The calculated value of $k_"H" // k_"d" ≈ 7$ .

A secondary KIE occurs when the isotope is substituted at a position next to the bond being broken.

Usually, for a secondary KIE, $k_"H"//k_"D" < 1.5$ .

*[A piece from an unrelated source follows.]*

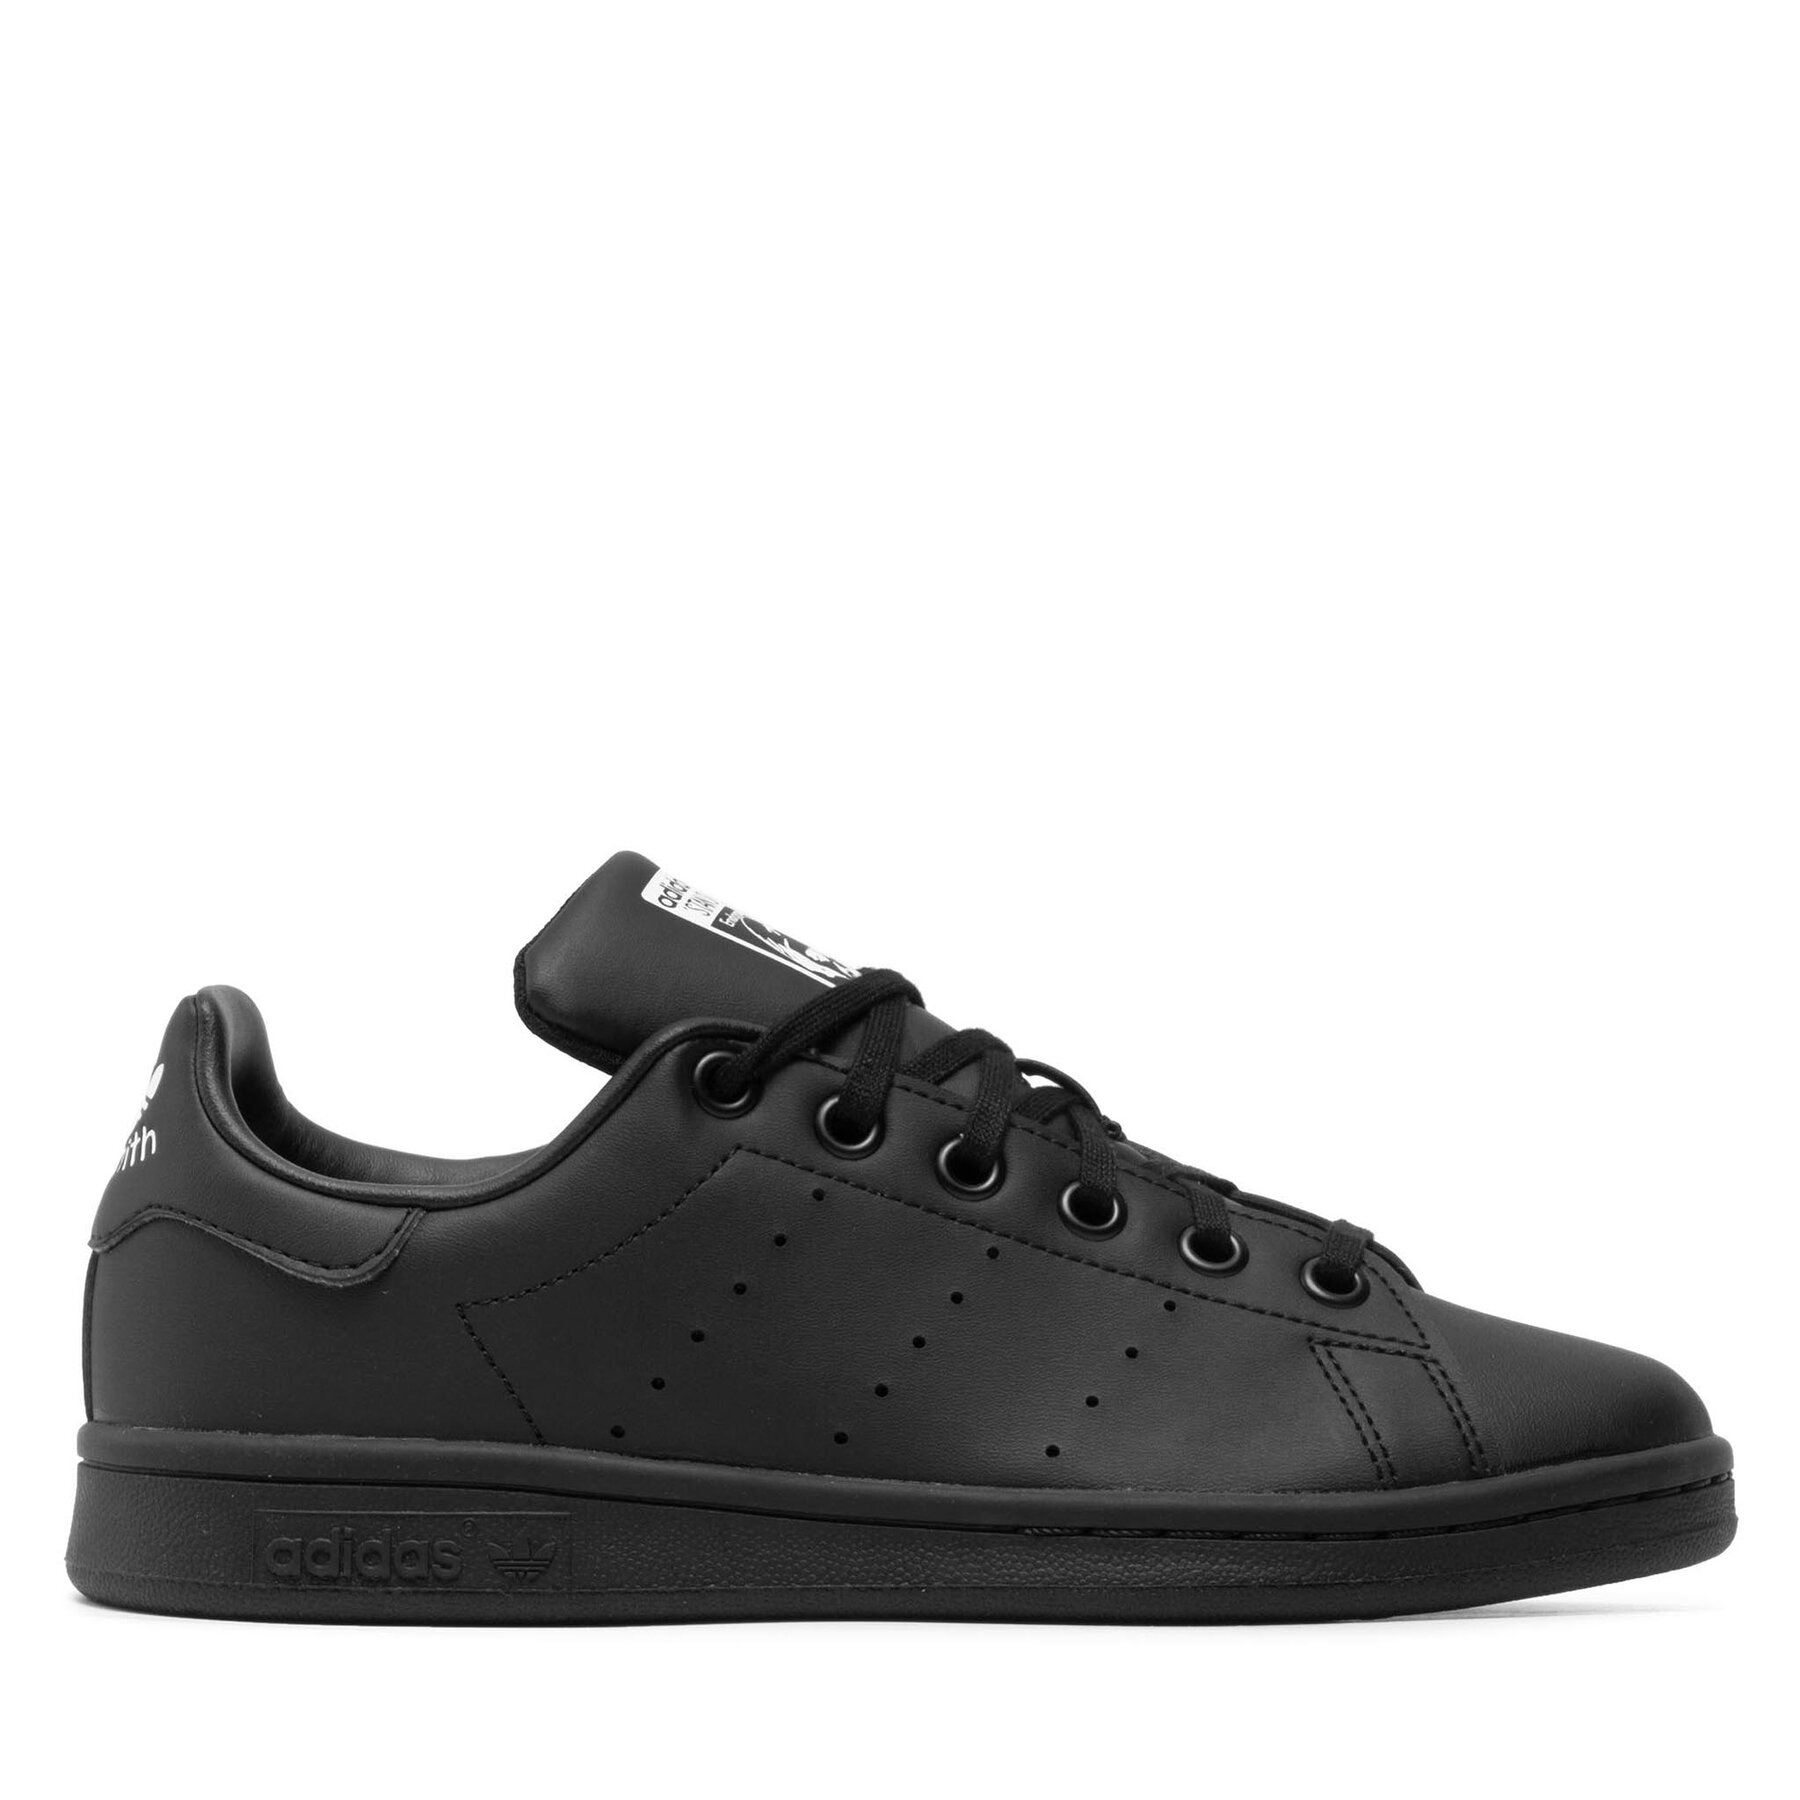 Comprar en oferta Adidas Stan Smith Kids (Primegreen) core black/core black/cloud white

Mechanistic information from KIEs

KIEs give useful information about the rate determining step in a mechanism.

Case 1

$"CH"_3"CH"_2"CH"_2"Br" stackrelcolor(blue)( "EtO"^"-", "EtOH"color(white)(m)) (→) "CH"_3"CH=CH"_2$

$"CH"_3"CD"_2"CH"_2"Br" stackrelcolor(blue)( "EtO"^"-", "EtOH"color(white)(m)) (→) "CH"_3"CD=CH"_2$

$k_"H"//k_"D" = 6.7$

This is consistent with an $"E2"$ elimination in which the $"C-H/D"$ bond is being broken in the rate determining step.

Case 2

$"CH"_3"CH"_2"C"("CH"_3)_2"Br" stackrelcolor(blue)( "H"_2"O", Δcolor(white)(m)) (→) "CH"_3"CH=C"("CH"_3)_2$

$"CH"_3"CD"_2"C"("CH"_3)_2"Br" stackrelcolor(blue)( "H"_2"O", Δcolor(white)(m)) (→) "CH"_3"CD= C"("CH"_3)_2$

$k_"H"//k_"D" = 1.4$

This is consistent with an $"E1"$ elimination in which the $"C-H(D)"$ bond is not being broken in the rate determining step.